Rockaway Youth Task Force
The Rockaway Youth Task Force is a youth empowerment group started in 2011. It is now overseeing a meticulously organized canvassing and distribution effort in Hurricane Sandy-ravaged Far Rockaway, a Queens community in New York City. Pictured far left, Vice President, Silaka Cox. Fourth from right, President / Founder, Milan Taylor. 
Photo | Hella Winston.

Rockaway Youth Fill The Breach

With government officials and NGOs largely absent, young residents step in to provide food, water and medicines in the wake of Hurricane Sandy. 

The elderly woman came, bundled up, in search of batteries for her portable radio. "We don't know what's going on. We've been cut off from the world. We are very fortunate, my husband prepared for this and even though it's cold, we have food and water. But I don't know where his head was at with the batteries."

It was Sunday and Milan Taylor, the 23 year-old founder and president of the 45 member Rockaway Youth Task Force, a youth empowerment group started in 2011, was overseeing a meticulously organized canvassing and distribution effort the group had set up three days prior in a building on Beach 57th Street in their storm-ravaged community, when the government, power company and big relief agencies were nowhere to be found. He added this woman's request, and her name and address, to his delivery list, which included many others who weren't in such good shape, without food or medications, or the means to get them.

"We're keeping the door closed," explained Taylor. "It's heartbreaking to do it, but if we let people in to just take stuff, it will disrupt the system."

After the hurricane, Taylor, who had evacuated, put out a Facebook call to the Task Force's members and soon he and others were headed back, cars loaded up with food and supplies purchased with the group's now-depleted funds. The plea for help made its way to other web sites, including one put together by Occupy Sandy.

By Sunday, Taylor said, close to 200 volunteers had already climbed up and down hundreds of stairs with flashlights. They were assessing the needs of home-bound elderly and disabled residents—many reliant on food stamps and other government aid—at two high rise complexes known as Nordeck and Ocean Village, and documenting them on oak tag charts hung on the walls of the group's headquarters. It was a system devised by the Task Force's 17-year-old Vice President, Silaka Cox, a student at Rockaway Park's Scholars' Academy, whose experience raising money for disaster relief in Japan taught her about how to organize such an effort. The group had already delivered food and supplies to 700 families. Urgently needed prescriptions were being filled with the help of a contact at Doctors Without Borders.

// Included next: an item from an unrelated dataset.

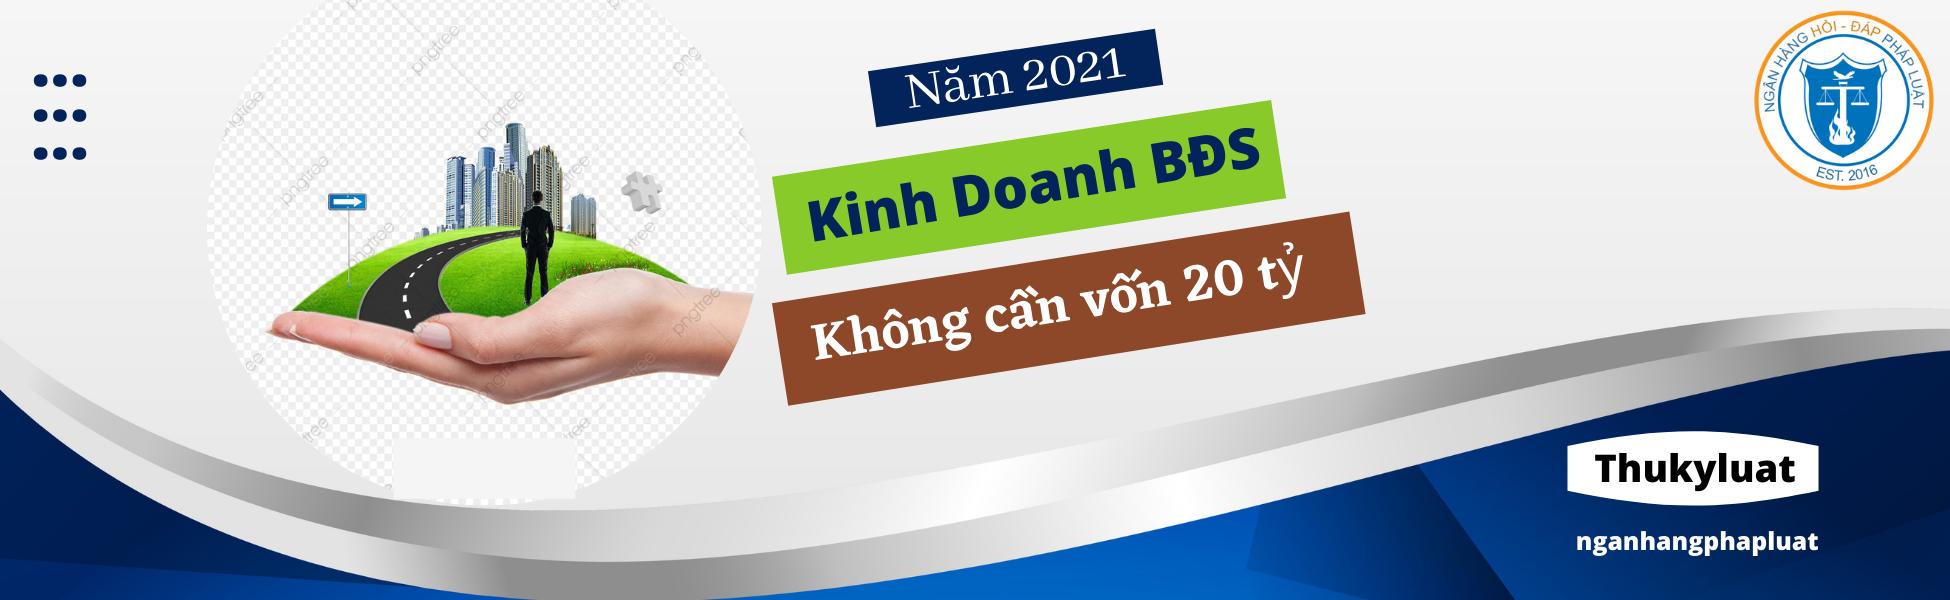 Năm 2021, kinh doanh BĐS không cần phải bỏ vốn 20 tỷ đồng như trước

Taylor and his volunteers were encountering "a lot of... shell-shocked [people], just walking around in a daze," and others who were "just really grateful" for the help. Some, however, had greeted the volunteers "with an attitude, because they don't really know who we are, so they think that we're in government and we're getting yelled at, 'why is there no electricity, what are you doing for us?' They don't realize we are volunteers from the community, [that] I live here, [that] I'm only 23."

Taylor and the others in his group had no idea another storm was expected for later in the week. They, too, had been cut off from information, lacking power, cell phone service or enough gas to get off the peninsula. But they planned to continue doing whatever they could—with one modification.

Having heard reports of looting, robberies and other possible violent crime, Taylor said that his group "decided that we're not going back at night anymore. As soon as sundown hits, [we will stop], and with daylight savings, we lost the hour."

It was a conclusion the government had apparently come to as well. At a FEMA distribution center staffed by the National Guard about 10 blocks east of the Task Force's headquarters, a man who said he was with State Senator Malcolm Smith's office said it was just too dangerous to drive out in the dark without traffic lights, or to stick around at night.